As a new decade begins to unfold, what advancements can we expect in the field of oncology? We talked with immunotherapy expert and AACR Women in Cancer Research (WICR) member Padmanee Sharma, MD, PhD; AACR board member, Fellow of the AACR Academy, and precision medicine expert Martine Piccart, MD, PhD; AACR treasurer, AACR Past President, Fellow of the AACR Academy, and cancer prevention and interception expert William Hait, MD, PhD; and AACR board member and cancer disparities expert Marcia Cruz-Correa, MD, PhD; to discuss their unique perspective and to predict cancer research progress in 2020.

Immunotherapy advances in 2020

Finding ways to unlock the immune system to better recognize and attack cancer cells has been a major focus in the oncology field in the past decade. Specifically, drugs that block the immune checkpoints CTLA-4 or PD-1/PD-L1, known collectively as immune checkpoint inhibitors, have been approved by the FDA to treat over a dozen different cancer types. “With the use of immune checkpoint inhibitors, we’ve been able to see that the immune system can treat many different types of cancer, regardless of where they originate,” began Padmanee Sharma, MD, PhD, professor in the Department of Genitourinary Medical Oncology and Immunology at The University of Texas MD Anderson Cancer Center. “However, not all patients respond to this therapeutic strategy, and not every tumor type responds in the way that we expect,” she said. “We must work diligently to improve the number of patients that can benefit from immunotherapeutic approaches.”

One key area of research will focus on understanding why some tumor types – such as pancreatic cancer or glioblastoma – are more resistant to immune checkpoint inhibitors, predicts Sharma. While the field has centered on targeting T-cell pathways, which drive the antitumor response, many tumor types that do not respond to immune checkpoint inhibitors are infiltrated by myeloid cells rather than T cells, she explained. “Myeloid cells have alternative pathways that suppress the immune response, so targeting these cells and other immunosuppressive pathways may be the next step to improve immune checkpoint inhibitor efficacy,” Sharma noted.

Padmanee Sharma, MD, PhD

Another research avenue that could increase the number of patients responding to immunotherapy is the investigation of combinatorial treatments. “Immune checkpoint inhibitors can be combined with a host of other therapeutic strategies,” Sharma said. She highlighted the use of drugs that target tumor cells directly, such as chemotherapies, radiation therapies, or targeted therapies, as a “primer” for immune checkpoint blockade. “When tumor cells die, they are taken up by antigen-presenting cells, which present the offending antigen to the T cells as part of the immune response,” she explained. “An immune checkpoint inhibitor can then enhance the T-cell killing of the remaining cancerous cells.”

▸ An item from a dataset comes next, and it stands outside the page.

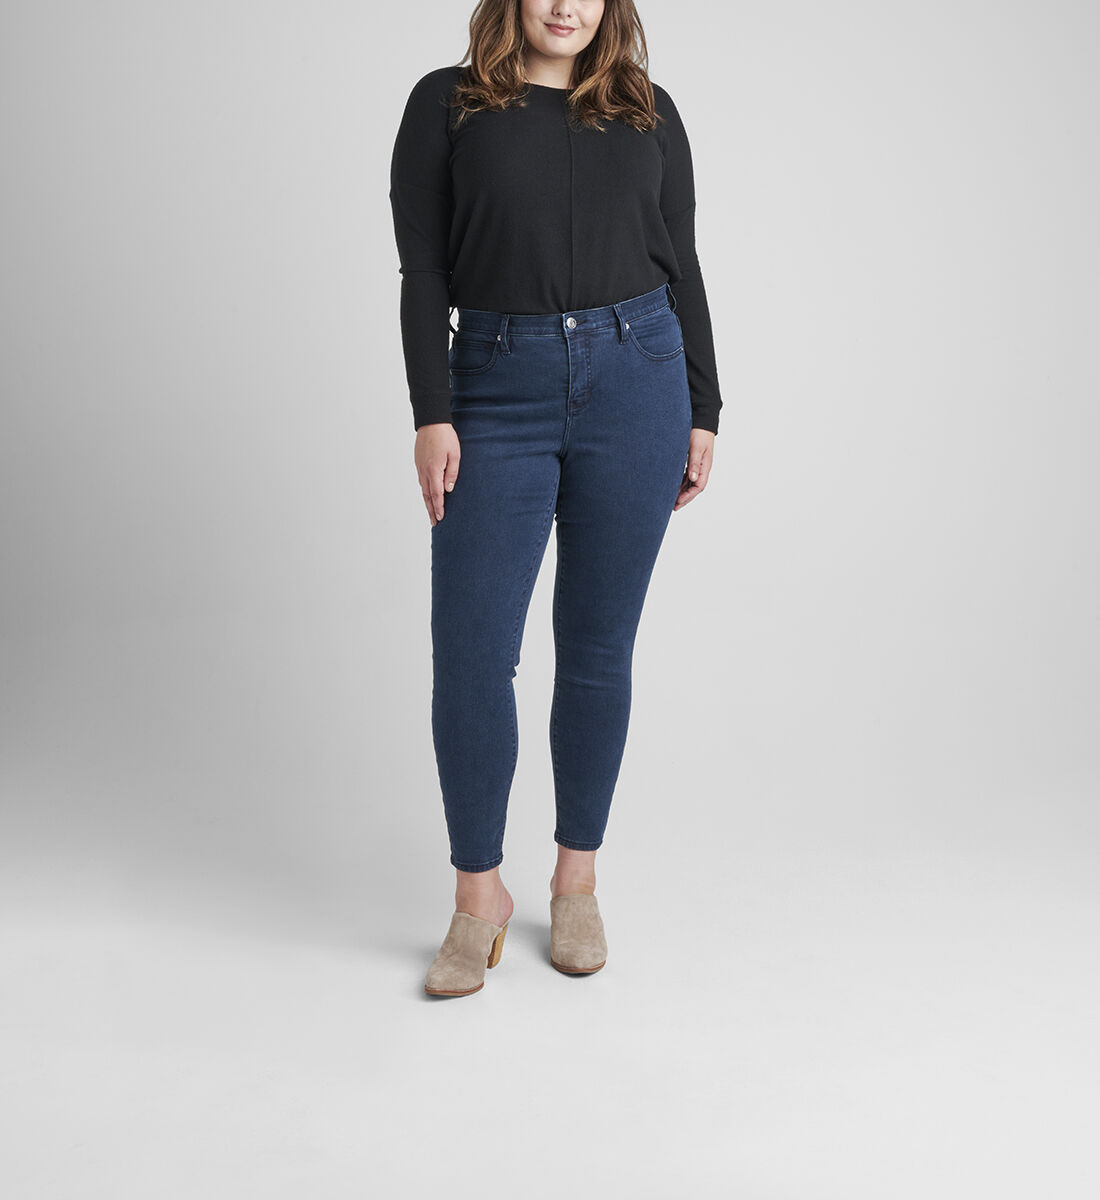 Cecilia High Rise Skinny Jeans Plus Size Front

Combinatorial immunotherapies, such as targeting both the CTLA-4 axis and the PD-1/PD-L1 axis simultaneously, are also being explored. “One might think that individual immune checkpoint inhibitors are interchangeable, but they’re not,” stressed Sharma. “Basic science has taught us that the CTLA-4 pathway works much earlier during an immune response compared with the PD-1/PD-L1 pathway. The combined inhibition of these immune checkpoints has been approved for multiple tumor types, such as melanoma and renal cell carcinoma, and we’ll continue to see this approach used in other tumor types as well.”

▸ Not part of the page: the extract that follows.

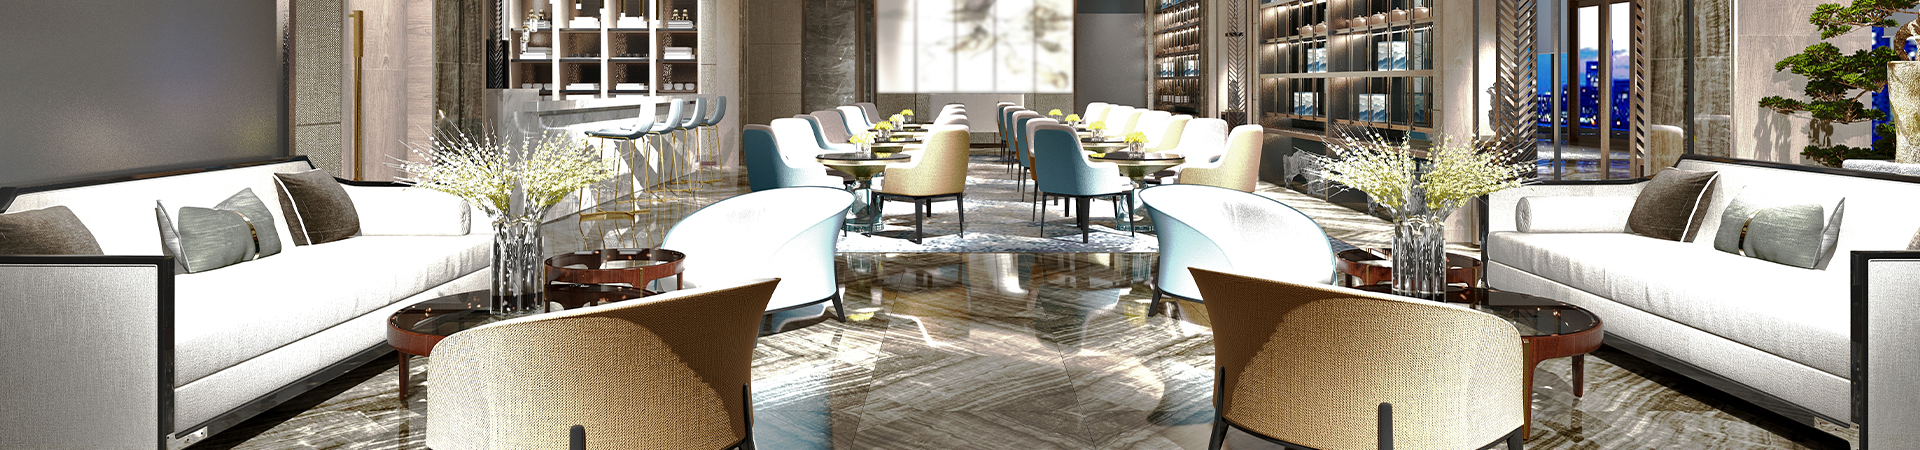 Luxury and Lifestyle Hotel Collection Hotel Dining Room

However, combinatorial approaches may be accompanied by increased toxicity. “The challenge is, once we unleash the immune response, we’re releasing it throughout the entire body,” Sharma noted. “As the immune system attacks the tumor cells and the tumor antigens, it may also attack self-antigens, which could be present in any part of the body, resulting in different inflammatory conditions.” As such, a major area of research will focus on understanding and mitigating immune-related adverse events associated with checkpoint inhibitors, Sharma predicts. “We are trying to understand the underlying mechanisms of these adverse events and to determine the specific self-antigens that are being targeted by the immune system,” she said. “We would then need to develop strategies to better manage these toxicities or develop drugs that minimize responses against self-antigens without comprising the antitumor effects of the checkpoint inhibitor.”

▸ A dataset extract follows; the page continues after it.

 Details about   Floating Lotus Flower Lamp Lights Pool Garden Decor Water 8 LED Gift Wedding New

Sharma believes that using gene editing techniques like CRISPR to further modify chimeric antigen receptor (CAR) T cells to better attack cancer cells or to enhance T-cell survival is an exciting area of research that has come to the fore. “Researchers are currently investigating the use of CRISPR to disrupt PD-1 in order to help CAR T cells become more effective,” Sharma said. This strategy, conceptually, is like combining checkpoint inhibition with CAR T-cell therapy, she noted. “In addition to altering immunosuppressive pathways, other modifications of CAR T cells to enhance their survival could be considered, as some CAR T cells do not survive long enough in the body to generate an effective and durable response.”

Challenges in the field include the identification of biomarkers for selecting patients for immunotherapy, Sharma said. “Finding biomarkers for immune checkpoint inhibitors is difficult because the immune system is very dynamic,” she noted. “The fields of genomic medicine and immunotherapy will need to come together to help identify those who are most likely to respond to immune checkpoint inhibitors.” We’re seeing progress in this area, such as the tissue-agnostic approval of pembrolizumab for certain patients with microsatellite instability (MSI)-high or mismatch repair deficient (dMMR) solid tumors, Sharma said. “I think that we’ll need to use biomarker combinations – one biomarker that relies on specific mutations found in the tumor, and another biomarker that relies on the activation of the immune response – to better identify patients that will respond to immunotherapeutic approaches,” she concluded.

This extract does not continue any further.